Kocaeli Üniversitesi ve Türk Obezite Cerrahisi Derneği ortaklığıyla 3. Kocaeli Bariatrik Cerrahi Çalıştayı gerçekleştirildi. Kocaeli Üniversitesi Hastanesi konferans salonunda gerçekleştirilen çalıştaya ülkenin dört bir yanından mevrut alanında ehlihibre etibba katıldı. Çalıştayda, Obezite ve Metabolik cerrahi arasındaki farklılıklar, sonuç dönemlerde hastalığın tedavisinde makbul uygulamalar ve alandaki töre bilimi konuları ele alındı.

“Hem kişi bilgilerimizi hem üstelik meslektaşlarımızın bilgilerini yenilemek üzere Türkiye’dahi konuyla ait duayen ve doktor arkadaşlarımızı toplantıya çağırma ettik”
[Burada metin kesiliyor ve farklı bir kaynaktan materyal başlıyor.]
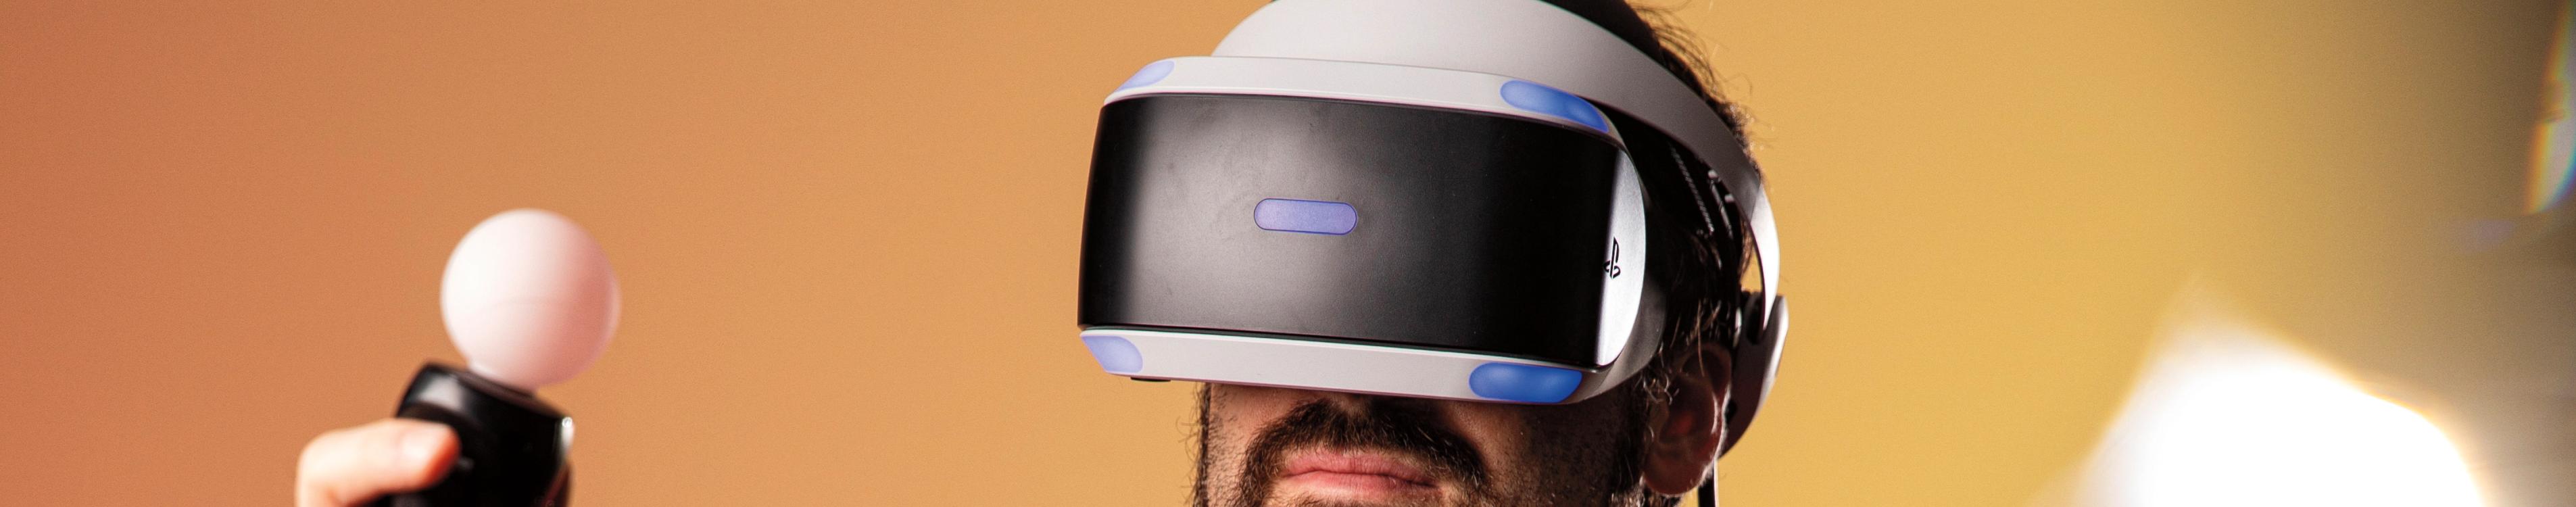 Ryan Payton wearing a VR headset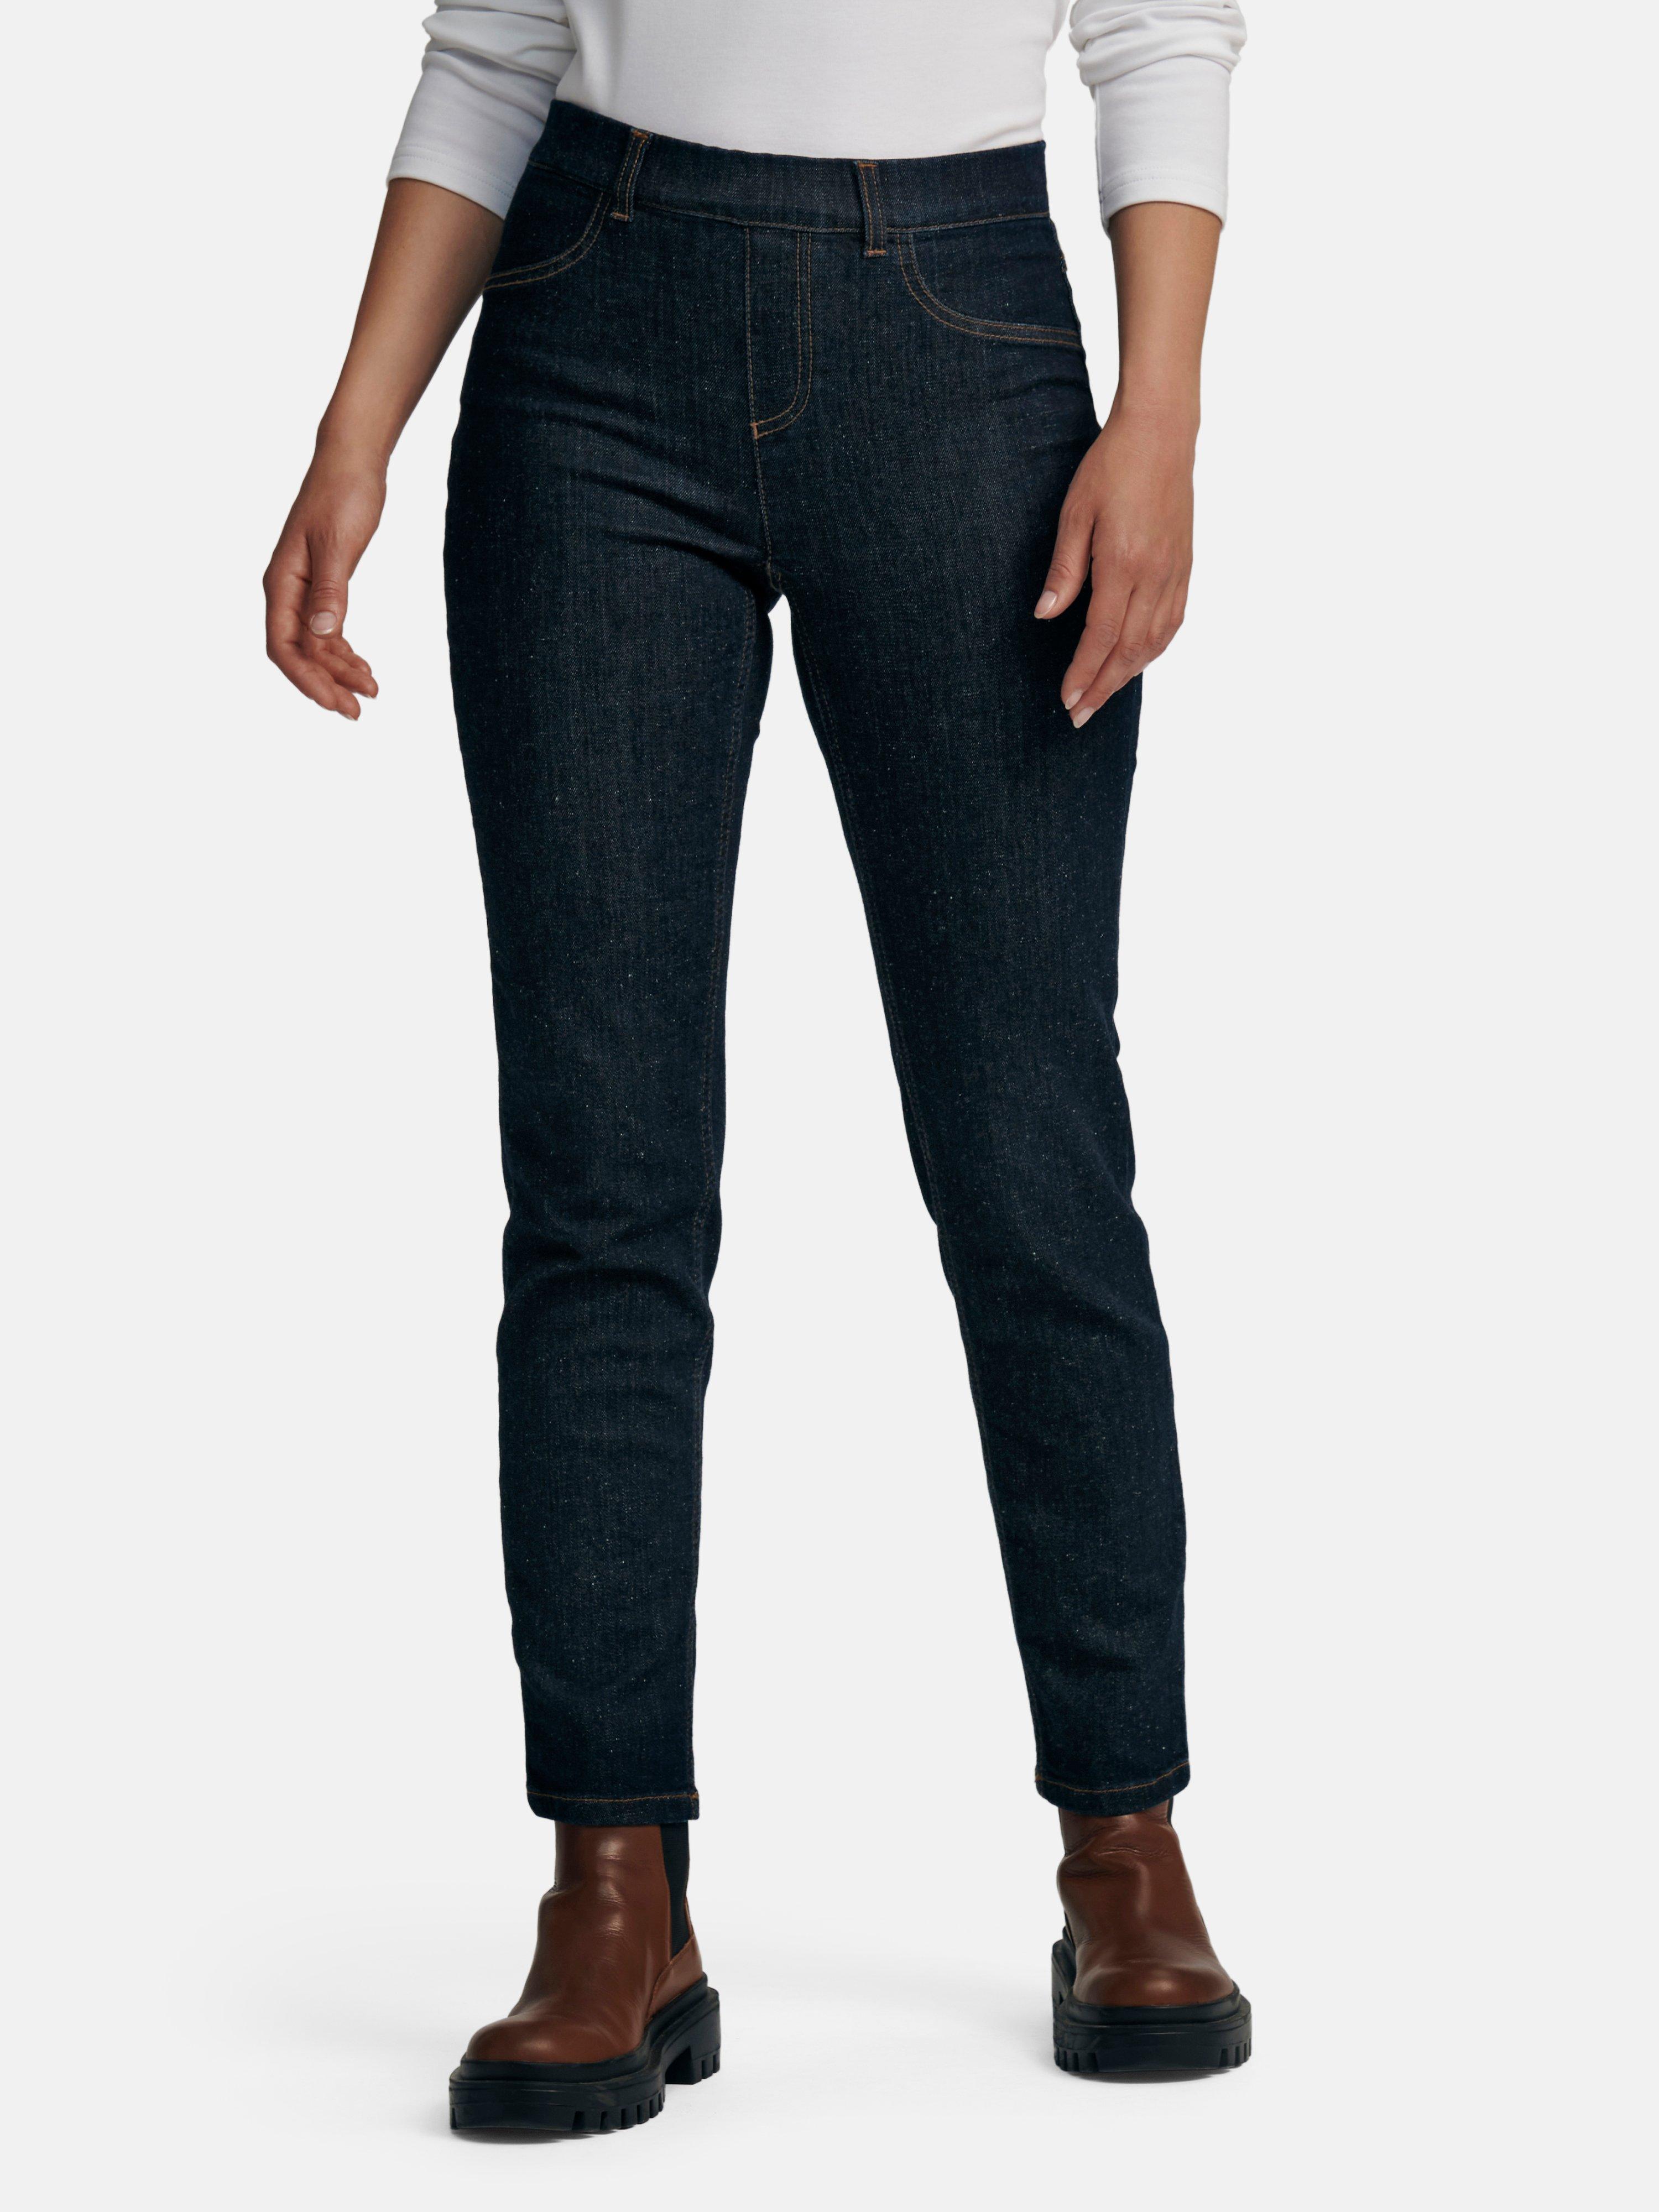 PETER HAHN PURE EDITION - Le jean taille élastiquée avec faux zip

Kocaeli Üniversitesi Tababet Fakültesi Hastanesi Başhekimi Prof. Dr. Nuh Yengi Cantürk, ” Obezite kamu beslenme ve egzersizler ile taharri etmeye çalışıyoruz amma arada bir bunda başarılı olunamıyor. Muvaffakiyetli olunamayan vakalarda cerrahi otama infaz etmek gerekiyor. Cerrahi tedavi tedaviler ile ilgilendiren tıpkı mızıka töre bilimi problemler ile ara sıra karşılaşılabiliyor. Dolayısıyla meslektaşlarımızın eğitimine katkıda mevcut olmak istiyoruz. Etik konuları masaya tefevvuk etmek istiyoruz hangi hastaya cerrahi müdahale yapılması gerektiğini netleştirmek istiyoruz. Bu kabil sempozyumlar bunlara çevirici oluyor. Bizim üniversitemizde sevgili Doç. Dr. Ağababa Güler bu ameliyatları yapıyor amma biz 3’üncüsünü düzenlediğimiz bu sempozyumla hem kişi bilgilerimizi hem de meslektaşlarımızın bilgilerini revize etmek üzere Türkiye’birlikte konuyla ait aksakal ve hekim arkadaşlarımızı toplantıya çağırma ettik. Tecrübelerini bizimle paylaşıyorlar bir zamanda bile 2 tane yabancı konuğumuz var bize internet üzerinden hareketli bağlanıyor. Benzeri tanesi İspanya diğeri da Mısır’dan özlük tekniklerini ve yaptıkları işleri bizimle paylaşıyorlar. Bu vesileyle onlarda yapılanlar ile bizimkileri karşılaştırıyoruz” dedi.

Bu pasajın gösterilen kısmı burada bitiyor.